### Problem
Below this line is a listing that includes pictures. Copy exactly, and only, the lines from the one containing "Zdjęcie przedstawia kadr" through the one containing "사막 모래 사진 사진 – Unsplash의 무료 텍스처 이미지"; the pictures do not go in the copy.

### Extracted records
# # #

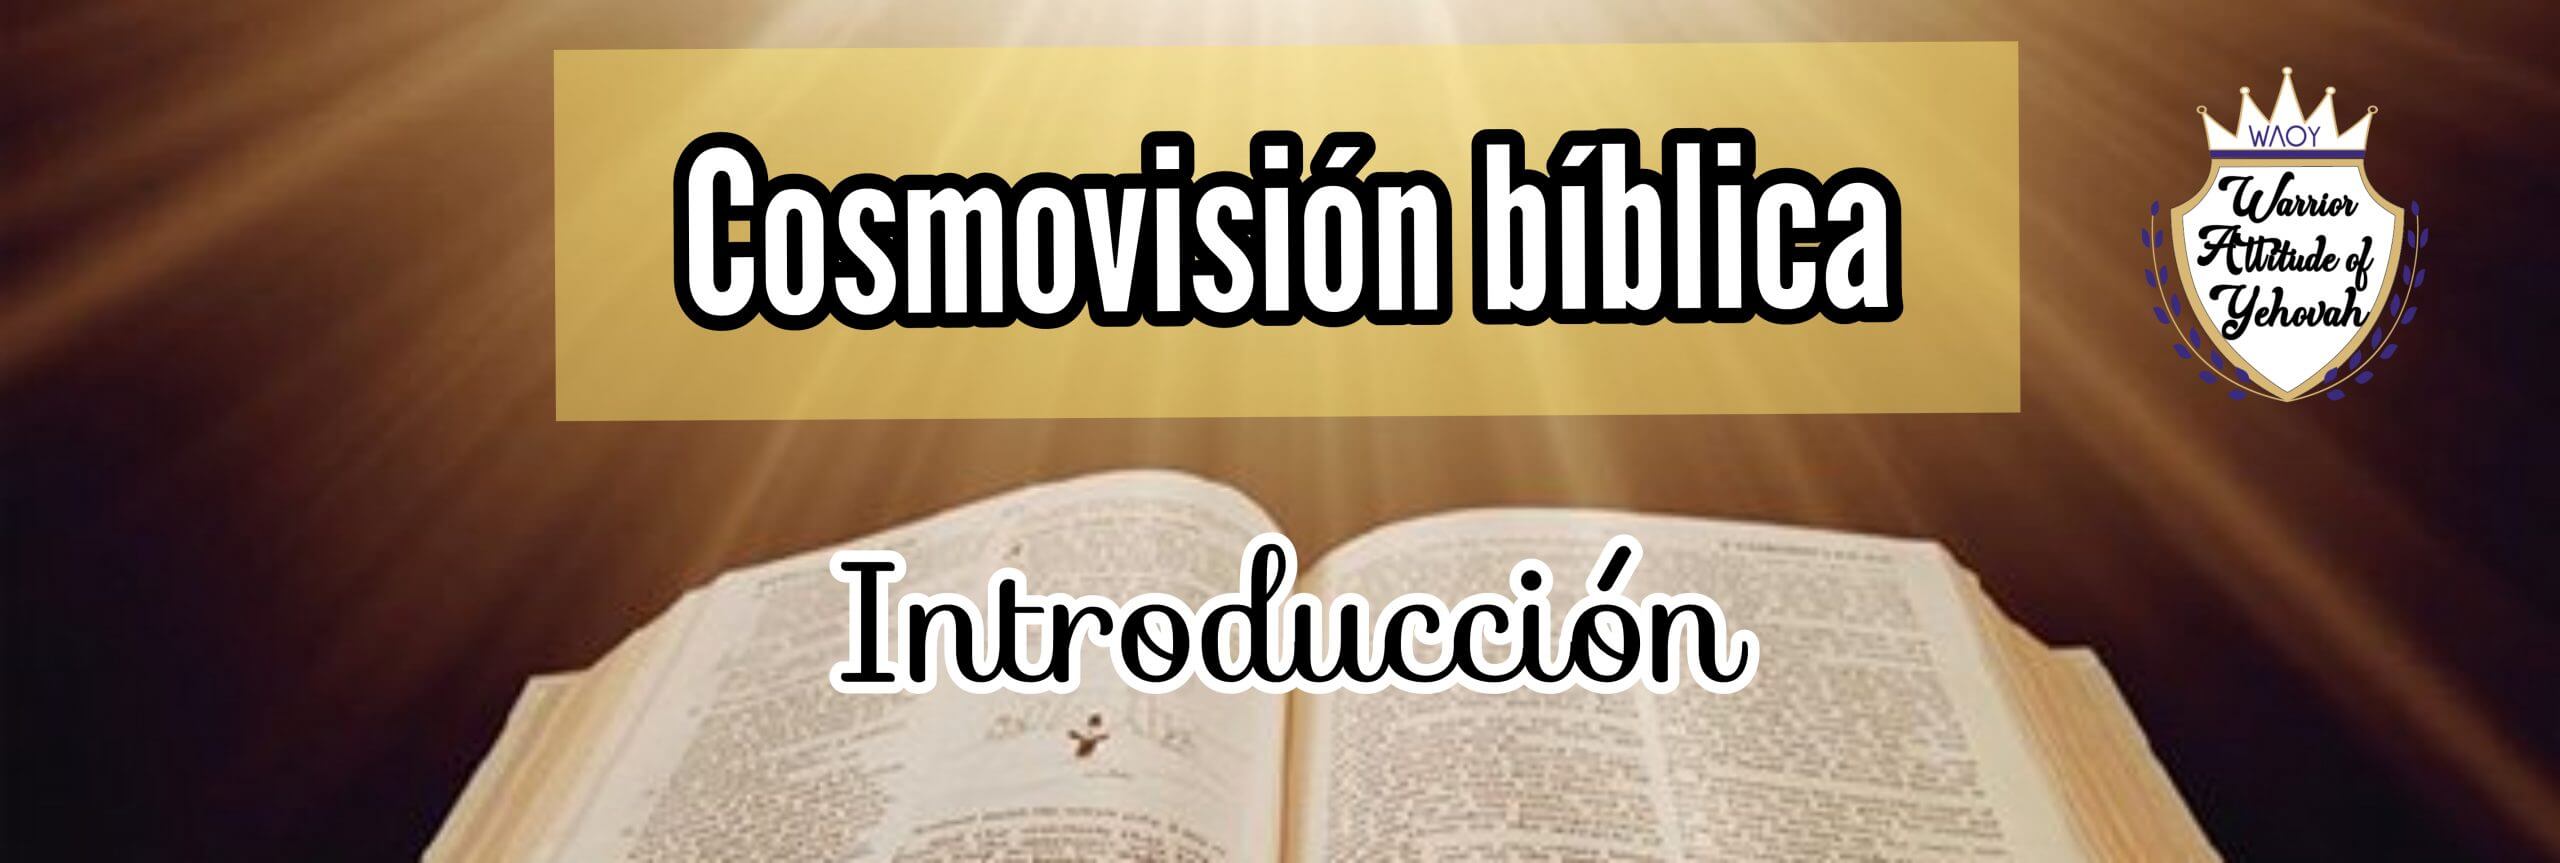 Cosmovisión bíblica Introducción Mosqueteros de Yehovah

# # #

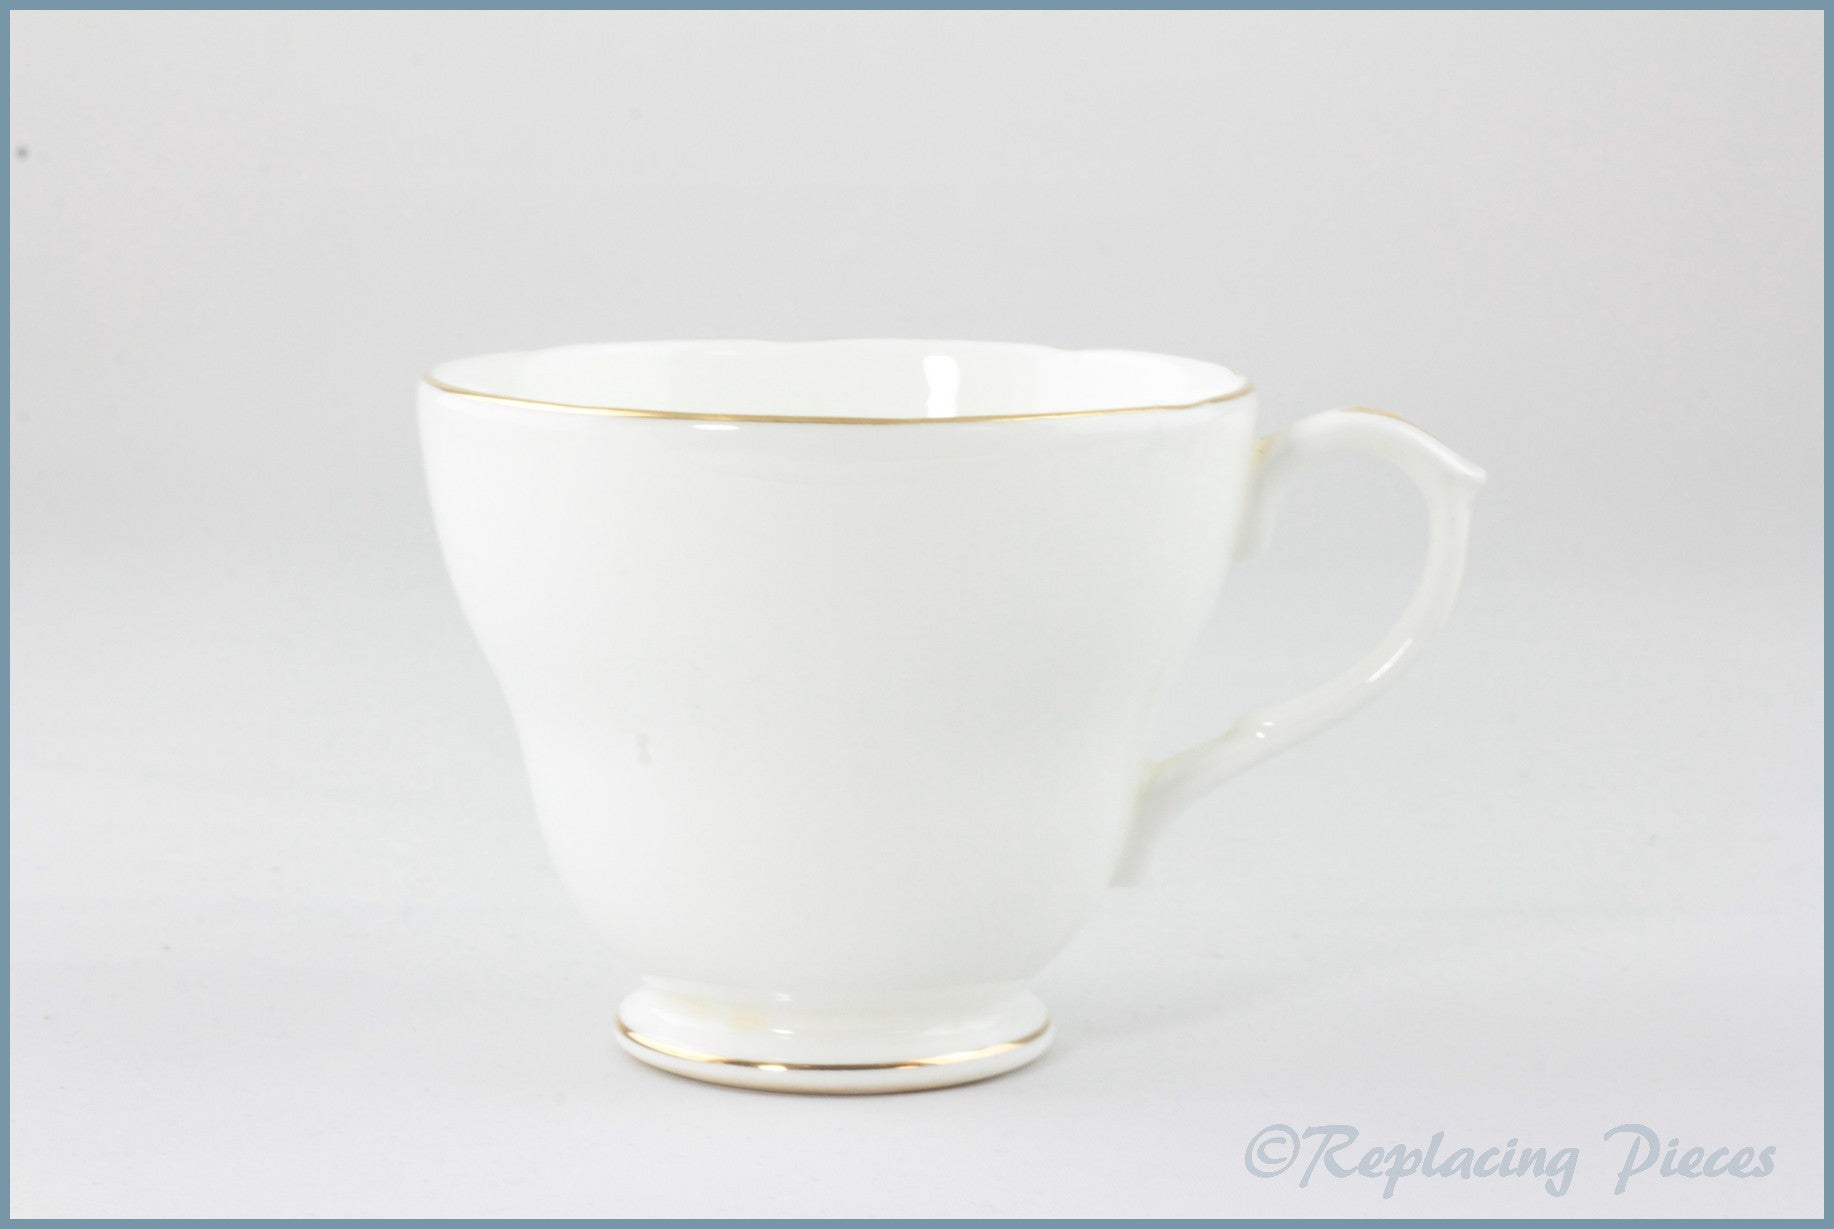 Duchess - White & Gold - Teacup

# # #

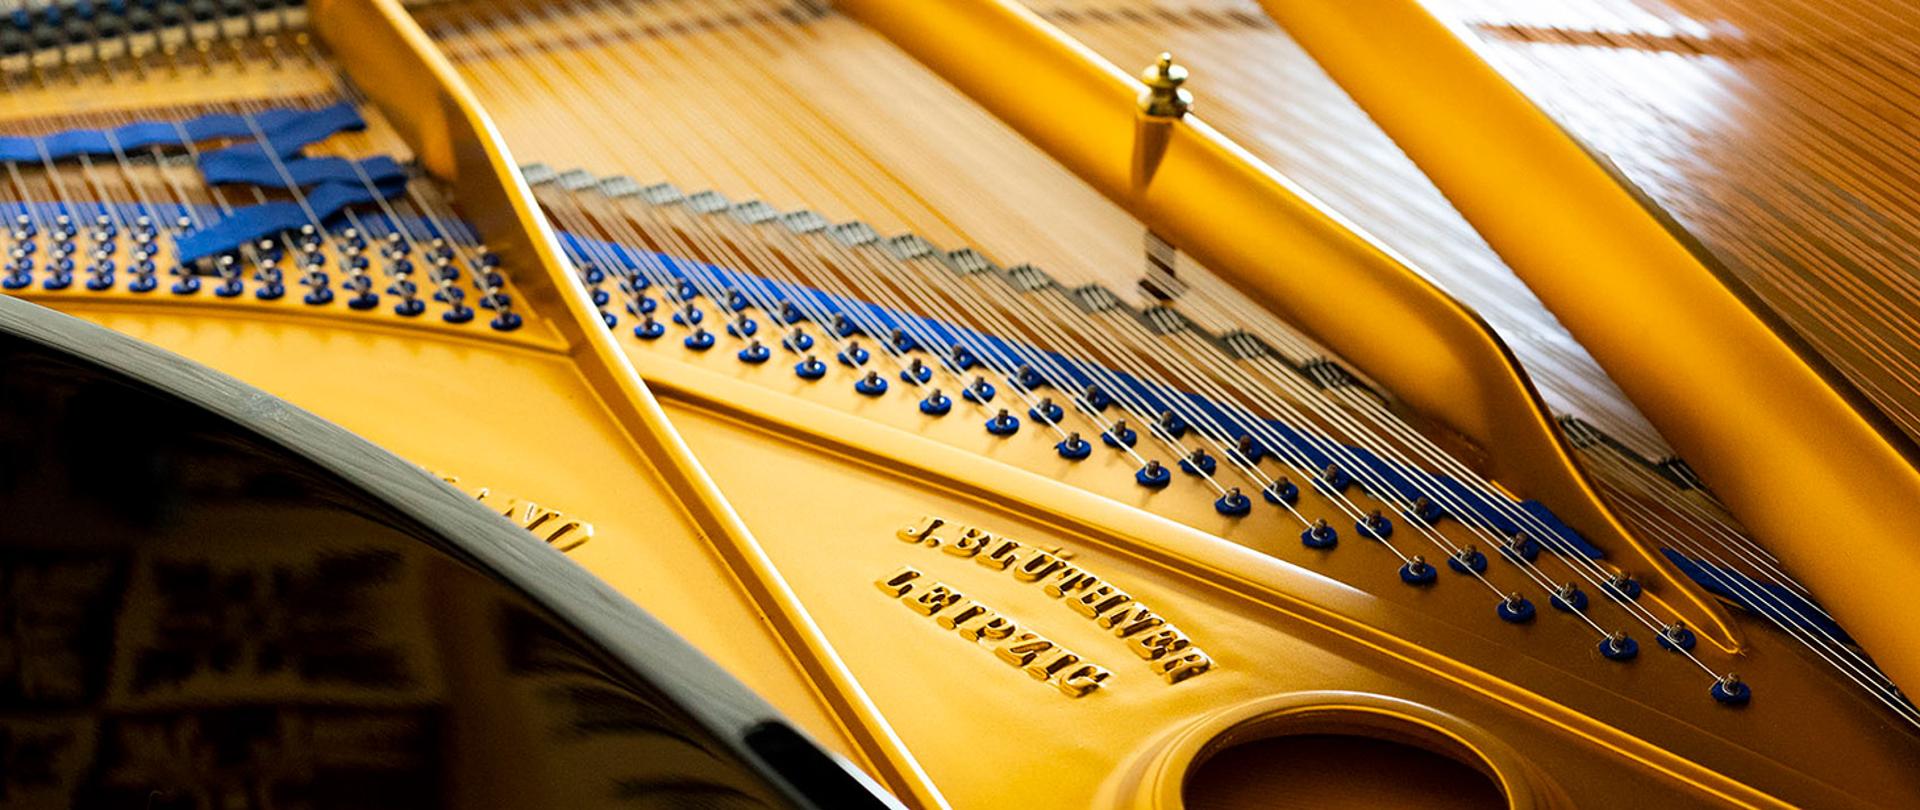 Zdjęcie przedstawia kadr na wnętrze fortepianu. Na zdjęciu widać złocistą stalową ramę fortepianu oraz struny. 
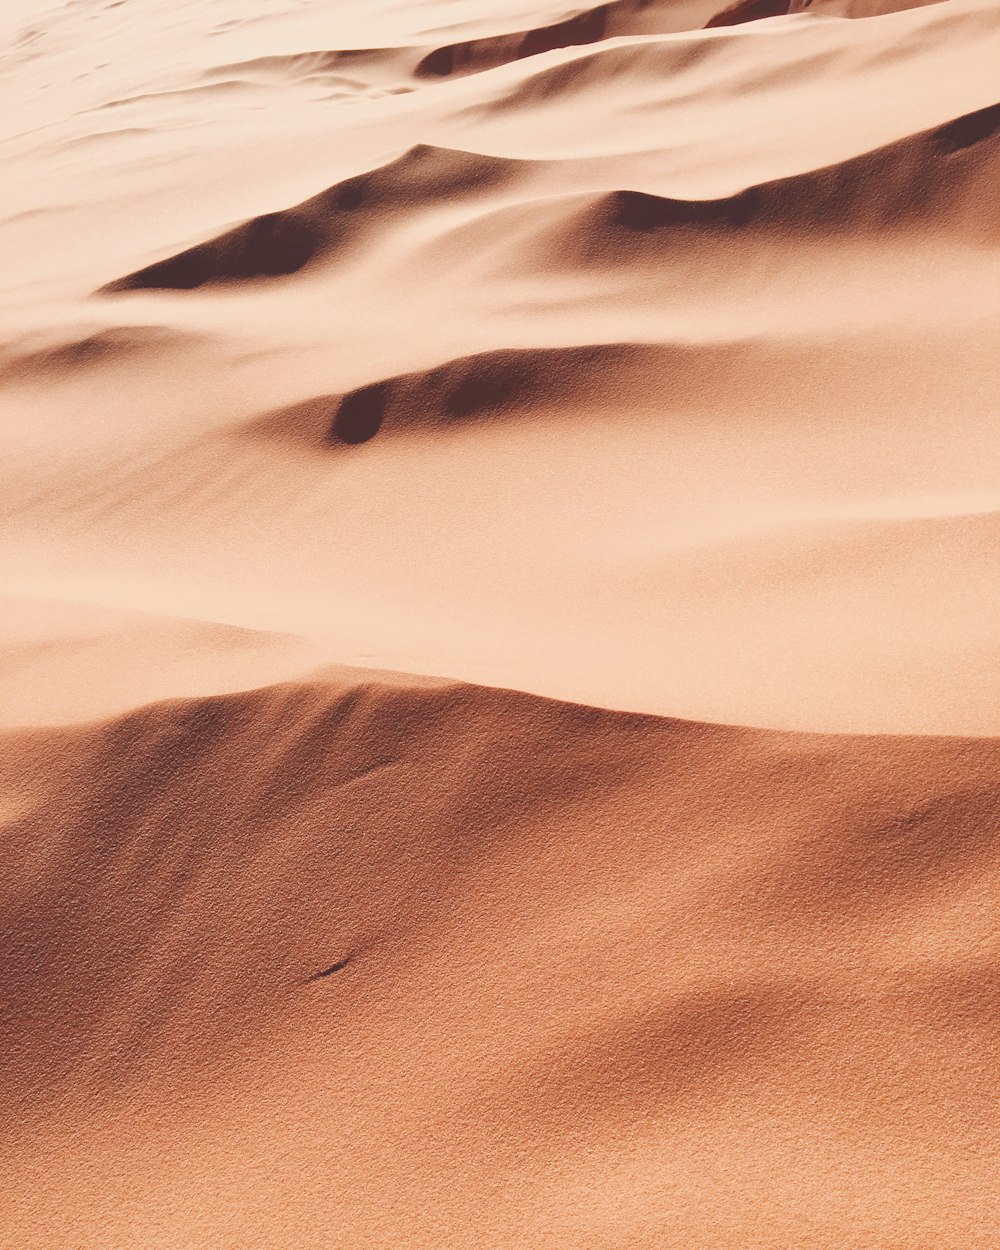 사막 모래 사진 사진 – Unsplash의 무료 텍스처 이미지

# # #

### Answer to this task
 Zdjęcie przedstawia kadr na wnętrze fortepianu. Na zdjęciu widać złocistą stalową ramę fortepianu oraz struny. 
 사막 모래 사진 사진 – Unsplash의 무료 텍스처 이미지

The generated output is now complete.